Lectures from the Allen Room & Wertheim Study: The Science of the Founding Fathers

Date and Time
October 25, 2012

Location

Event Details

The Founding Fathers’ degrees of faith differed widely one from another.  What they shared more universally was a deep belief in Enlightenment “natural philosophy” and the scientific method.  For them the establishment of the United States of America was “an experiment,” in the full scientific sense of that phrase.

This aspect of American history is largely unknown to the public. While we have heard of Benjamin Franklin’s electricity experiments, we have no idea who and what made the experiments possible; nor do we know much about Franklin’s then-better-known co-founder of the scientific society of the colonies, botanist John Bartram. We know that young George Washington was a surveyor, but not that he was later lauded in Europe as a daring experimental farmer, or of his intense interest in altering the Potomac River by locks, canals and steam vessels, or that during the Revolutionary War  -- and over the objections of the Continental Congress  -- he used an experimental vaccination technique to prevent his troops from being decimated by smallpox, which ensured the republic’s survival.

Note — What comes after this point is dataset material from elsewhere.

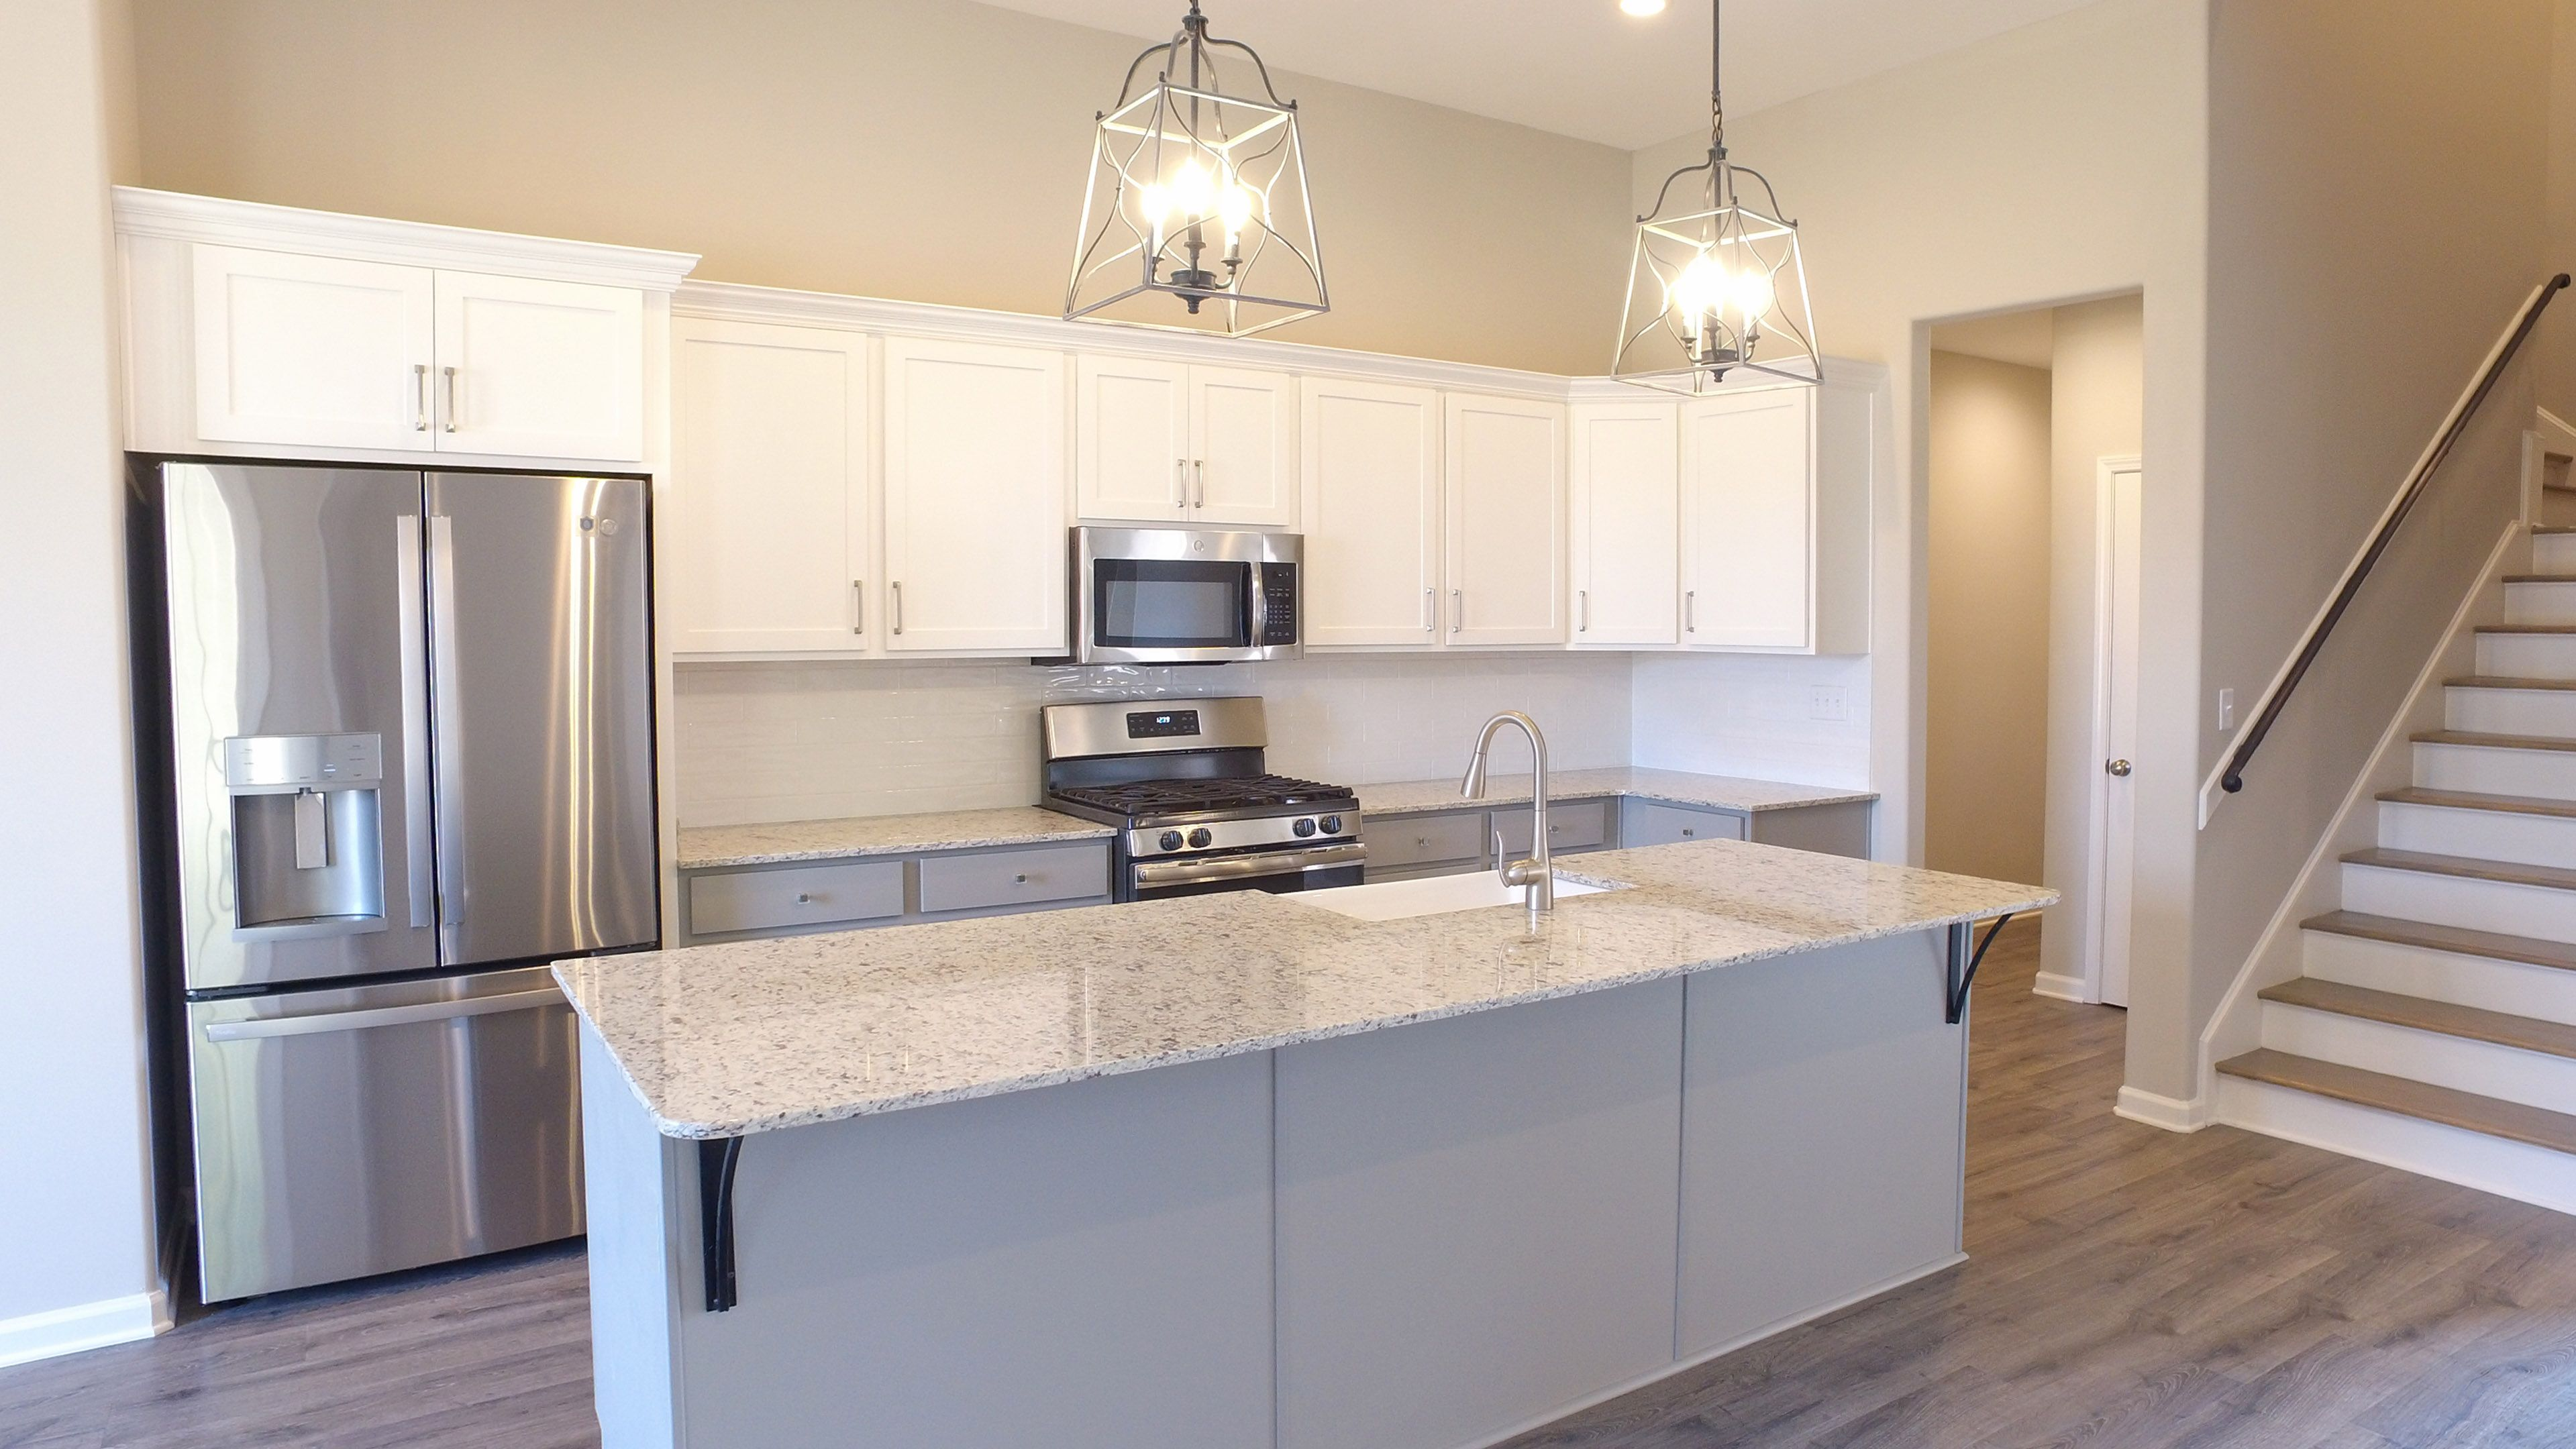 Kitchen featured in the Carlisle By Regency Homebuilders in Memphis, TN

These and similar little-known stories are the subject of an eagerly-awaited book.

Tom Shachtman, a writer in residence in the Library's Wertheim Study, has written more than thirty books, and many television documentaries.  His prior science history, ABSOLUTE ZERO AND THE CONQUEST OF COLD, was the basis for the BBC/Nova documentaries of the same name, for which he won a major science-writing prize.  He has also written articles for The New York Times, Newsday, Smithsonian Magazine, the Hoover Digest, Huffington Post, and History News Network. His highly-regarded, occasional column for THE LAKEVILLE JOURNAL (CT), "The Long View," helped win the paper a recent New England Newspaper Association prize for op-ed pages.
 
Research for the book, THE SCIENCE OF THE FOUNDING FATHERS, to be published by Palgrave Macmillan, is being partially underwritten by a grant from the Alfred P. Sloan.